General idea comes from here, size optimization ideas from here and here.

Input string address is in rdi , max length should be not bigger than Int32

xor   eax,eax ; 2 bytes
or    ecx,-1  ; 3 bytes
repne scasb   ; 2 bytes
not   ecx     ; 2 bytes
dec   ecx     ; 2 bytes

Final result is in ecx in 11 bytes total.

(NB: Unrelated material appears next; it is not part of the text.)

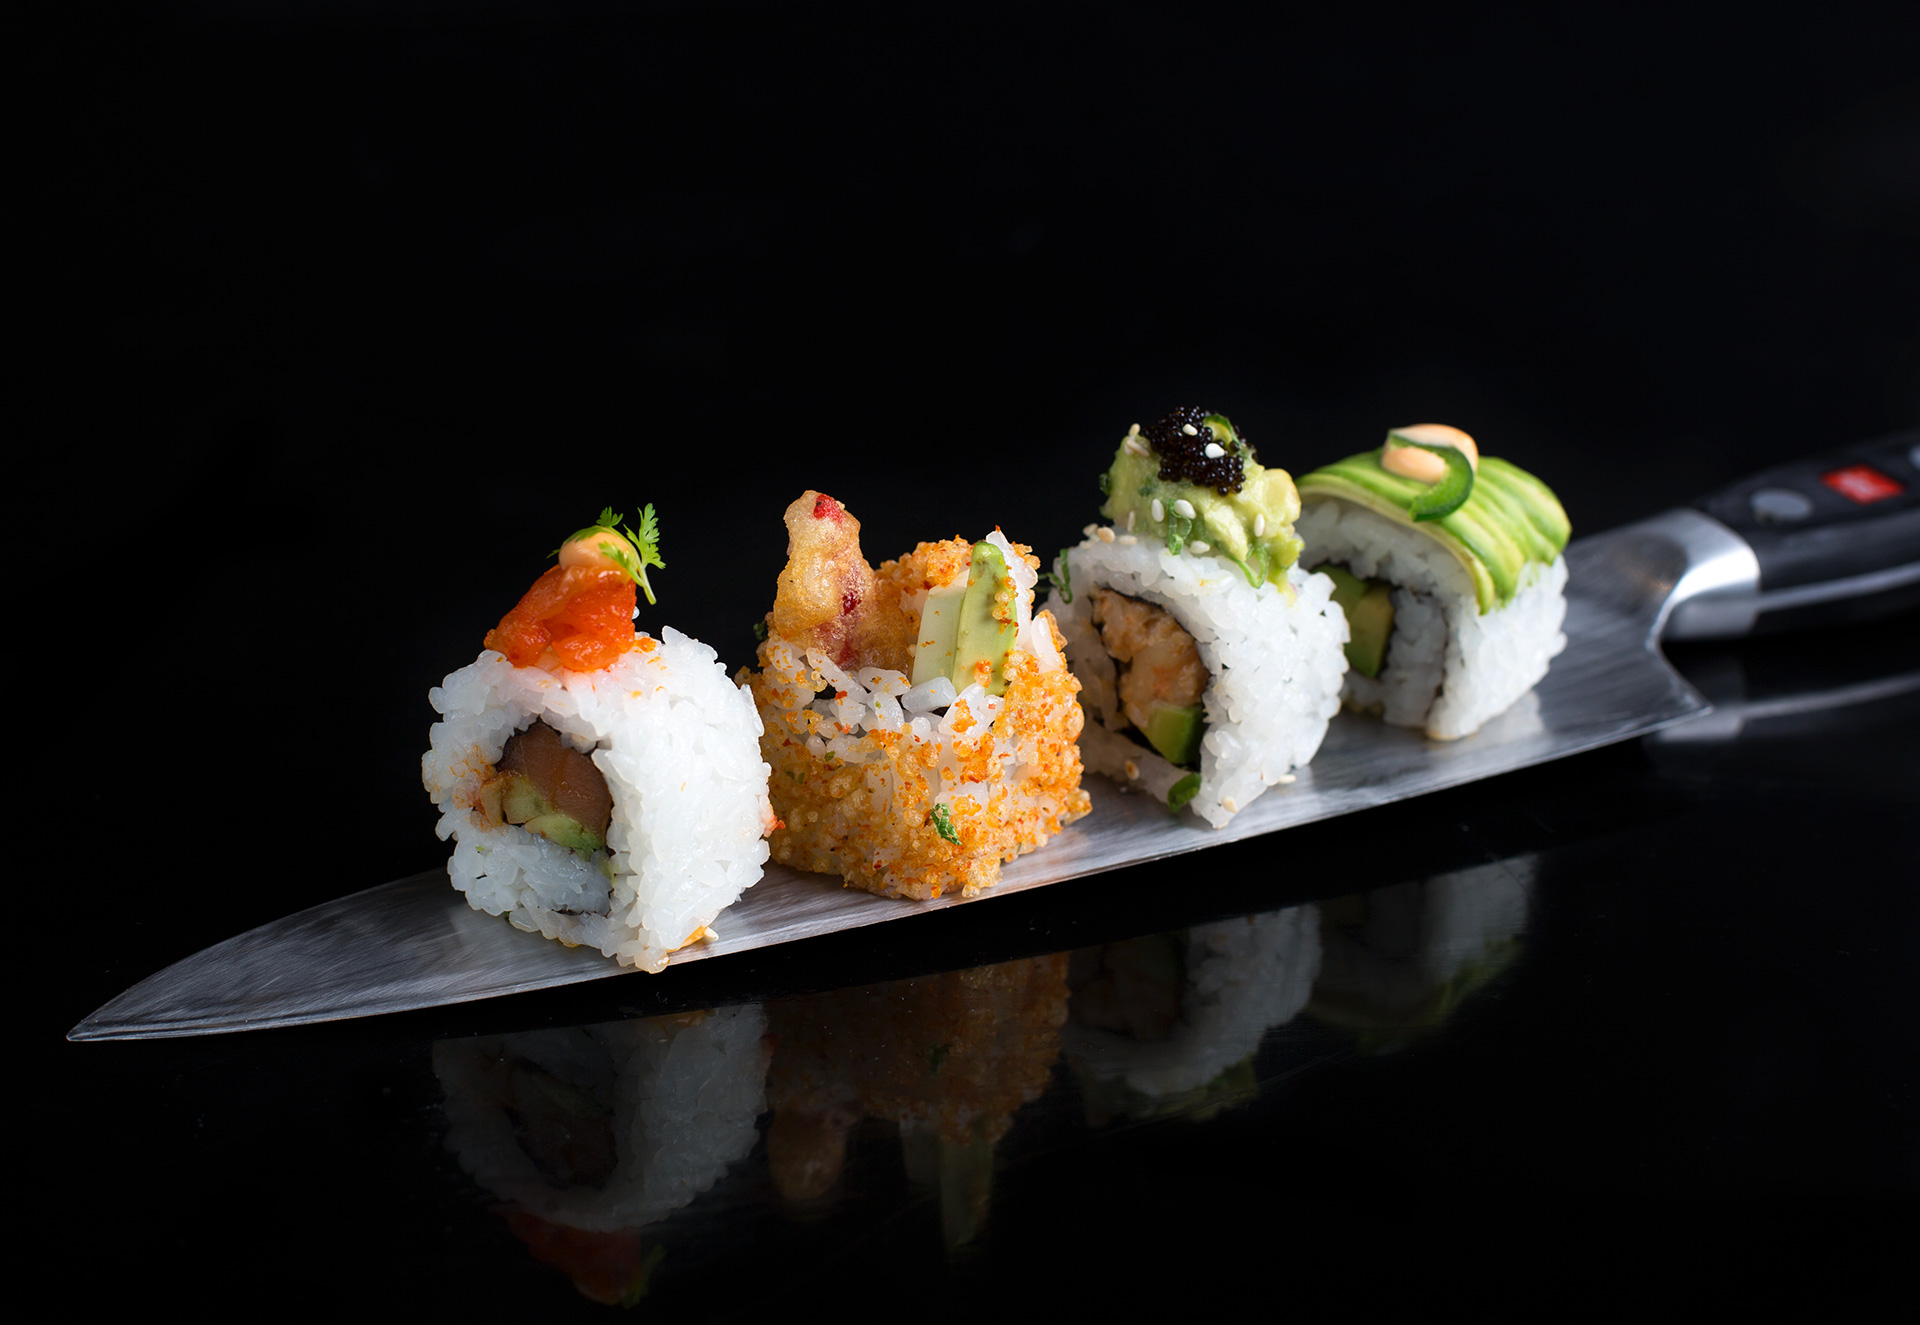 Sushi-On-Knife-KOKO.jpg

The question is about setting ecx to -1

Option 1 already stated

or ecx,-1 ; 3 bytes

Option 2

lea ecx,[rax-1] ; 3 bytes 

Option 3

stc         ; 1 byte
sbb ecx,ecx ; 2 bytes

Option 4 , probably the slowest one

push -1 ; 2 bytes
pop rcx ; 1 byte

I understand that:
Option 1 has dependency on previous ecx value
Option 2 has dependency on previous rax value
Option 3 I'm not sure if it has dependency on previous ecx value?
Option 4 is the slowest one?

Is there a clear winner here?
The criteria is to keep the opcodes size as small as possible and choose the best one performance wise.
I'm fully aware there are implementations using modern cpu instructions, but this legacy approach seems the smallest one.

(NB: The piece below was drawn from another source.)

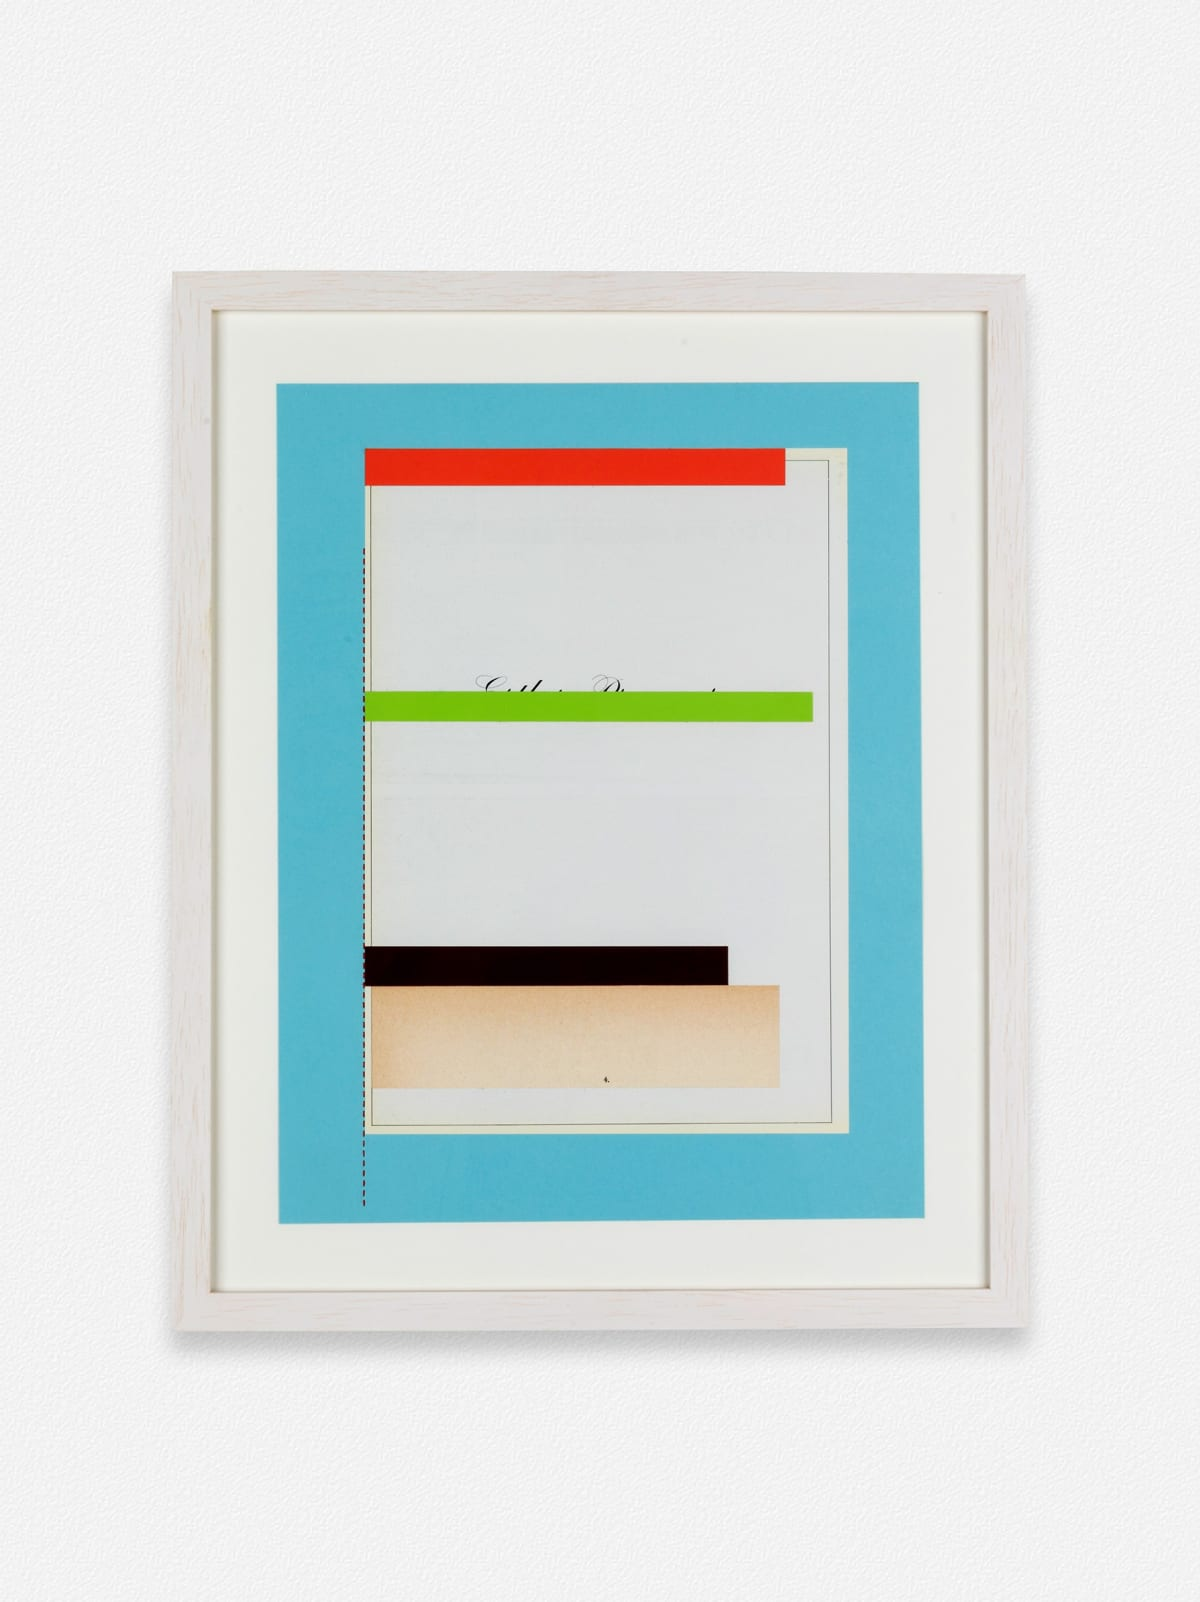 hans gallery, dan devening, artist, collage

Canoewood answered 15/4, 2018 at 10:10 Comment(2)
Could someone kindly explain reason for downvoting this question?Canoewood
@BoPersson added the why. I'm after saving every byte possible to pull off as much functionality as possible in a given executable limit (4096 bytes). Does this affect the answer in anyway? I thought the criteria are well defined already.Canoewood
O
3

For a hacky good-enough version, we know rdi has a valid address. It's very likely that edi is not a small integer, thus 2 byte mov ecx, edi. But this isn't safe is RDI could be pointing just past a 4GiB boundary so it's hard to prove it's safe. Unless you're using an ILP32 ABI like x32 so all pointers are below the 4GiB mark.

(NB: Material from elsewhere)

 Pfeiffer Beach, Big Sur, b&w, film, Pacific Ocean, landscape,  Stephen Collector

So you might need to copy the full RDI with push rdi / pop rcx, 1 byte each. But that adds extra latency for short-string startup. It should be safe if you have no strings with length higher than their starting address. (But that is plausible for static storage in .data, .bss, or .rodata if you have any huge arrays; for example Linux non-PIE executables are loaded at around 0x401000 = 1<<22.)

This is great if you just want rdi pointing to the terminating 0 byte, instead of actually needing a count. Or if you have the start pointer in another register so you can do sub edi, edx or something and get the length that way instead of processing the rcx result. (If you know the result fits in 32 bits, you don't need sub rdi, rdx because you know the upper bits of that would be zero anyway. And high input bits don't affect low output bits for add/sub; carry propagates left to right.)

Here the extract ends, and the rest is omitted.